The Supreme Court also noted that in the case before it, the respondent had not been able to show exceptional circumstances or “bad faith.” And in any event, the arbitrator had passed a final award, which award itself was under challenge and pending in separate proceedings, under section 34 of the Act, and hence the Supreme Court concluded that the High Court “should not have used its inherent power to interject the arbitral process at this stage.”

Notably, the Court observed that arbitrations are modelled upon time limitations and referred to the “principle of unbreakability” as laid down in P. Radha Bai v. P. Ashok Kumar [(2019) 13 SCC 445], to opine that if the “Courts are allowed to interfere with the arbitral process beyond the ambit of the enactment, then the efficiency of the process will be diminished.”

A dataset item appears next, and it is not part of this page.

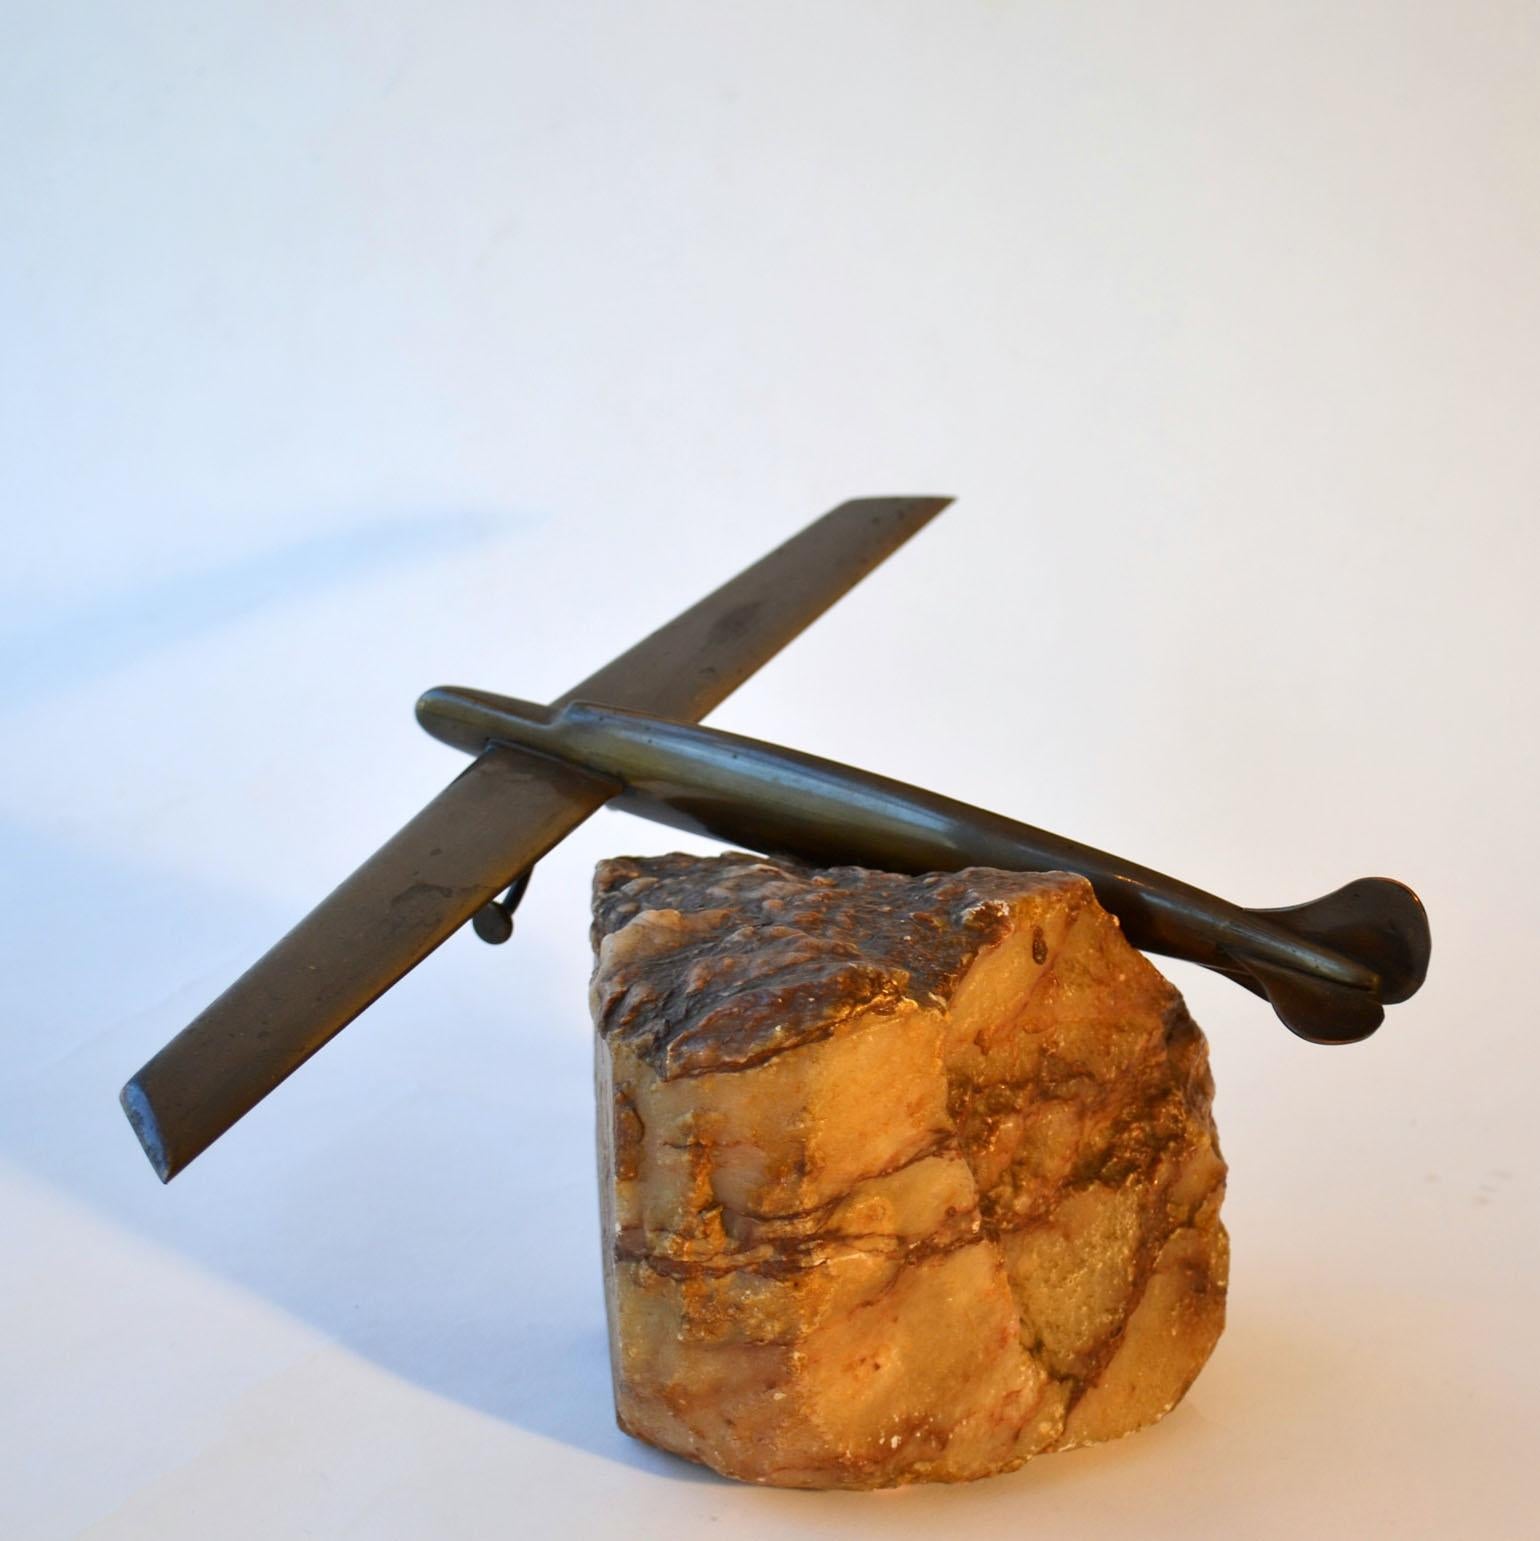 Stylish bronze airplane model, circa 1940s-1950s placed on onyx rock. Decorative sculpture that displays well cupboard, credenza or a desk.

In conclusion, Supreme Court’s decision in Bhaven Construction once again makes clear that under the jurisprudential doctrine of kompetenz-kompetenz, the sole arbitrator or an arbitral tribunal is empowered to adjudicate on, and determine, its own jurisdiction. This is statutorily enshrined in Section 16 of the Act and thus any challenge to the jurisdiction of the arbitrator or tribunal would, in the first instance, necessarily have to be determined by the arbitrator or tribunal themselves, and can only subsequently be challenged in proceedings under Section 34 upon the passing of a final award.

In this case, the Apex Court has also noted that the arbitral process is modelled upon time limitations and the sanctity of the process or the time-line should under no circumstances be compromised by a party adopting filibuster tactics of initiating parallel proceedings. One is hopeful that, going forward, this three-judge bench decision will act as a deterrent for unscrupulous litigants who attempt to undermine the legitimacy of arbitration as an effective dispute resolution mechanism and will stop regarding it as just being an alternate process.

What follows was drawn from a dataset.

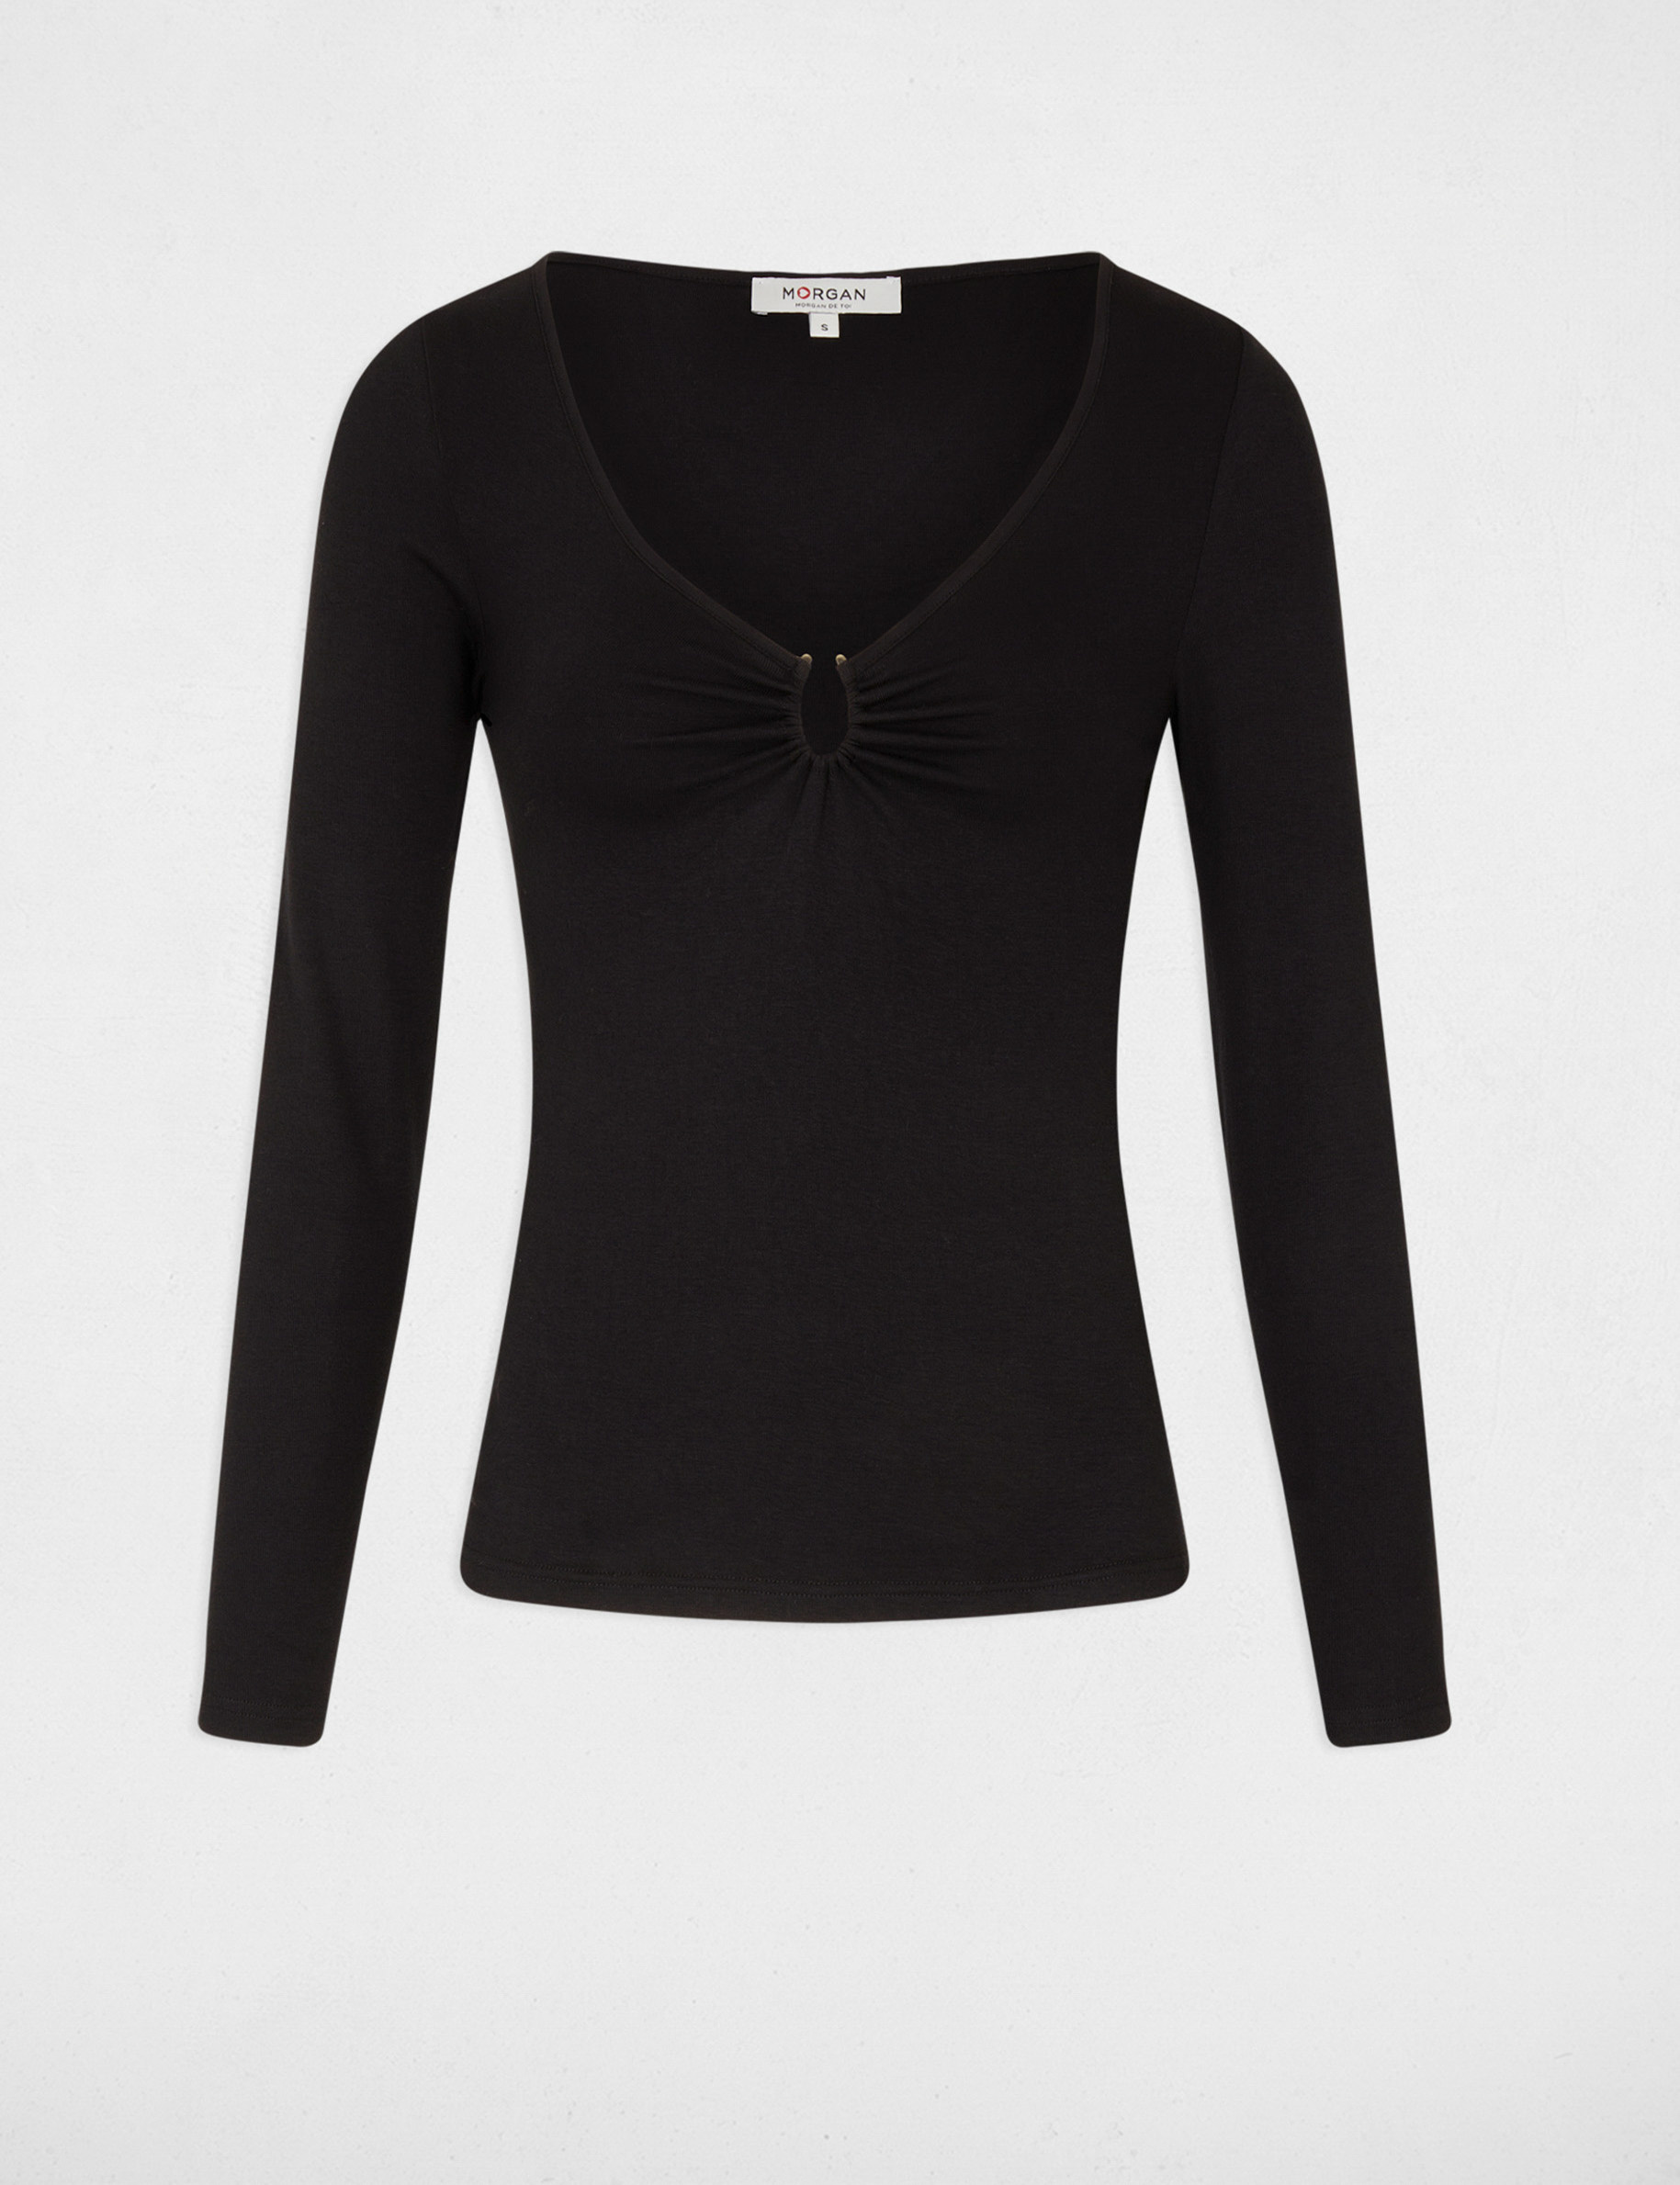 Long-sleeved t-shirt with V-neck black ladies'

After all, in the words of William Howard Taft, the 27th president of the United States (1909–1913) and the tenth Chief Justice of the United States (1921–1930), the only person to have held both offices, “The development of the doctrine of international arbitration, considered from the standpoint of its ultimate benefits to the human race, is the most vital movement of modern times. In its relation to the well-being of the men and women of this and ensuing generations, it exceeds in importance the proper solution of various economic problems which are constant themes of legislative discussion and enactment.”

Let us recognise the true meaning on these words and strive mightily towards improving the arbitration landscape in India. Asides from helping economic activity, this will also help ease the immense burden on our Courts which are already saddled with back-logs and an unenviable case load.